Reductive materialists don't identify thinkings/thoughts with
neurons qua objects, but with
certain highly complex neural events, whose substrates are neurons. But properties of
objects (substances) functioning as substrates of events (or processes, or states, or facts) are not to be confused with properties of
events (or processes, or states, or facts)!
QUOTE:
"The very notion of a sense datum, at least as this is conceived by the phenomenalist, is suspect. (So is that of a mental image.) Do we really have sense data? Yes, in the sense that there are certain events that we call the having of sense data. No, in the sense that there is nothing in the world that is had. 'Having a sense datum' refers to an event, but the phrase is misleading."
(p. 115)
"I hold that sense data and mental images are not part of the furniture of the world, though havings of sense data and havings of mental images are."
(p. 115)
"…but the semantics of sense datum talk and mental image talk is not so easy, if we want to avoid an ontology of sense data and mental images, as I do."
(p. 116)
"My main objection to sense data and mental images, if conceived as furniture of the world, is, as I have said, that they do not fit into a scientific picture of humans and higher mammals. Conscious experiences are a mystery unless we are able to identify them with brain processes."
(p. 118)
(Smart, J. J. C.
Our Place in the Universe: A Metaphysical Discussion. Oxford: Blackwell, 1989.)
"I do not deny that experiences exist. I believe that experiences are brain processes and since brain processes exist so must the relevant experiences. What I deny is that experiences have non-physical properties (qualia)." (p. 158)
"One might talk of a red, white and blue sense datum, but I contend that there are no such things as sense data and mental images. There is only havings of them." (p. 160)

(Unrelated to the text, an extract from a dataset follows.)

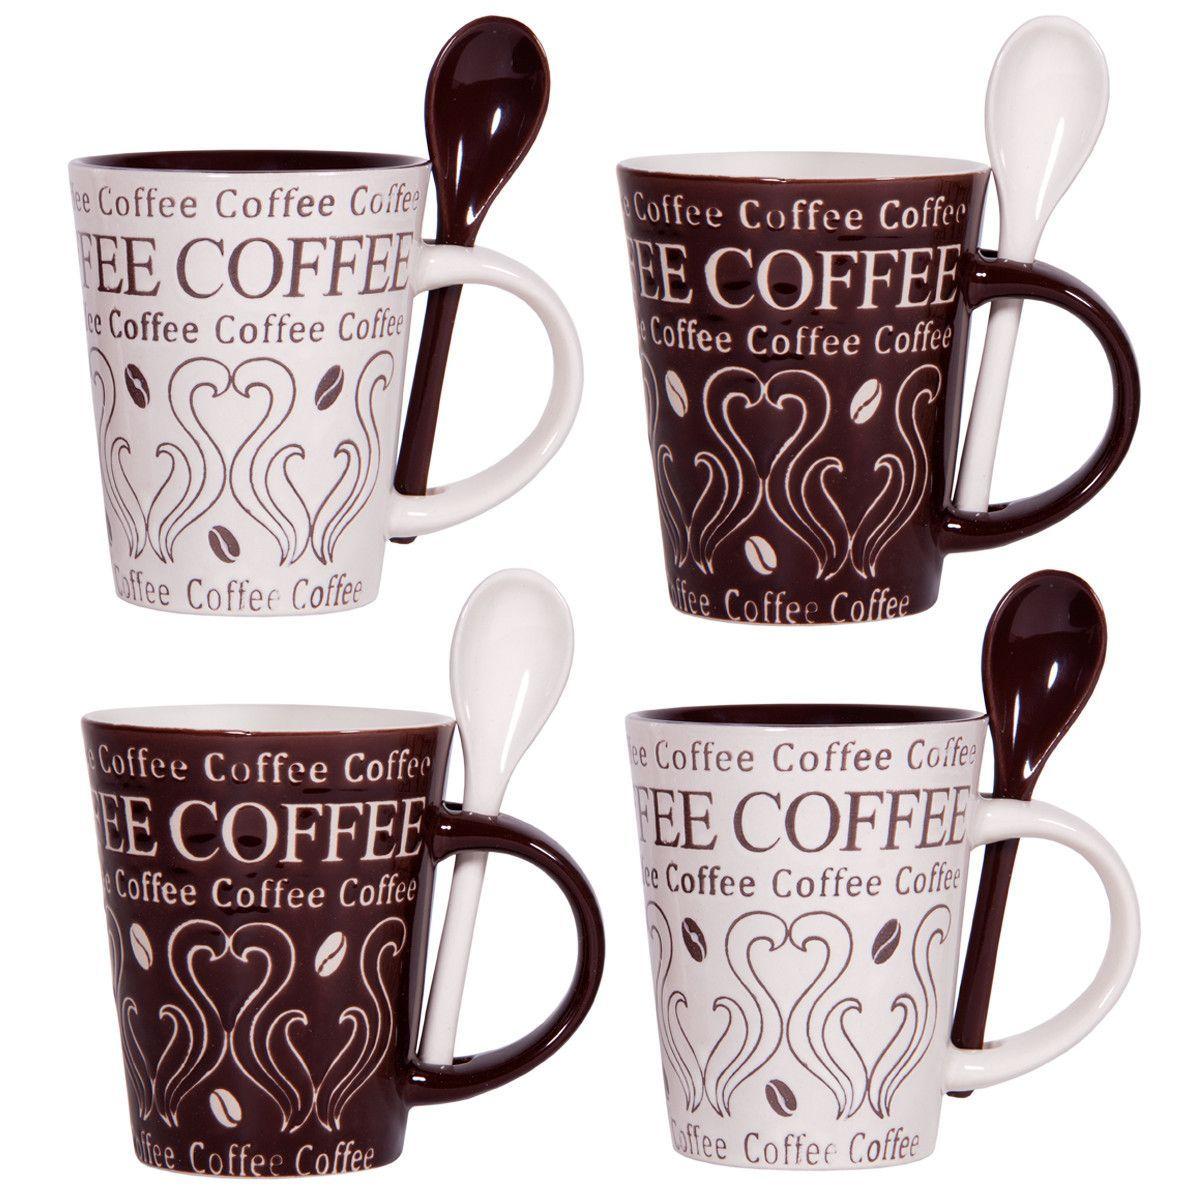 00c46546080 Coffee Swirl 10 oz. Mug and Spoon | Products | Mugs set, Coffee mugs ...

(Smart, J. J. C. "Ockhamist Comments on Strawson." In: Galen Strawson et al.,
Consciousness and its Place in Nature, edited by Anthony Freeman, 158-162. Exeter: Imprint Academic, 2006.)
:QUOTE
GE Morton wrote: ↑September 20th, 2022, 6:46 pmThere is no need for "mind talk" to be reducible to "brain talk," or brains identical with minds, in order for brains to be the
cause of mental phenomena.
The neurological reductionism about mind/consciousness affirmed by reductive materialists is essentially
ontological, not semantical or terminological! That is, they needn't claim that all psychological terms or sentences are translatable into and replaceable by neurophysiological ones.
If you
mischaracterize the doctrinal content of reductive materialism, it becomes an easy target; but it deserves to be characterized
correctly. Erecting and attacking a straw-man version of it makes things much easier for its opponents, but they should deal with
the real thing instead!
QUOTE:
"Physicalism may be characterized as a reductionist thesis. However, it is reductionist in an ontological sense, not as a thesis that all statements can be translated into statements about physical particles, and so on."
(Smart, J. J. C.
Our Place in the Universe: A Metaphysical Discussion. Oxford: Blackwell, 1989. p. 81)
"In taking the identity theory (in its various forms) as a species of physicalism, I should say that this is an ontological, not a translational physicalism. It would be absurd to try to translate sentences containing the word ‘brain’ or the word ‘sensation’ into sentences about electrons, protons and so on. Nor can we so translate sentences containing the word ‘tree’. After all ‘tree’ is largely learned ostensively, and is not even part of botanical classification. If we were small enough a dandelion might count as a tree. Nevertheless a physicalist could say that trees are complicated physical mechanisms."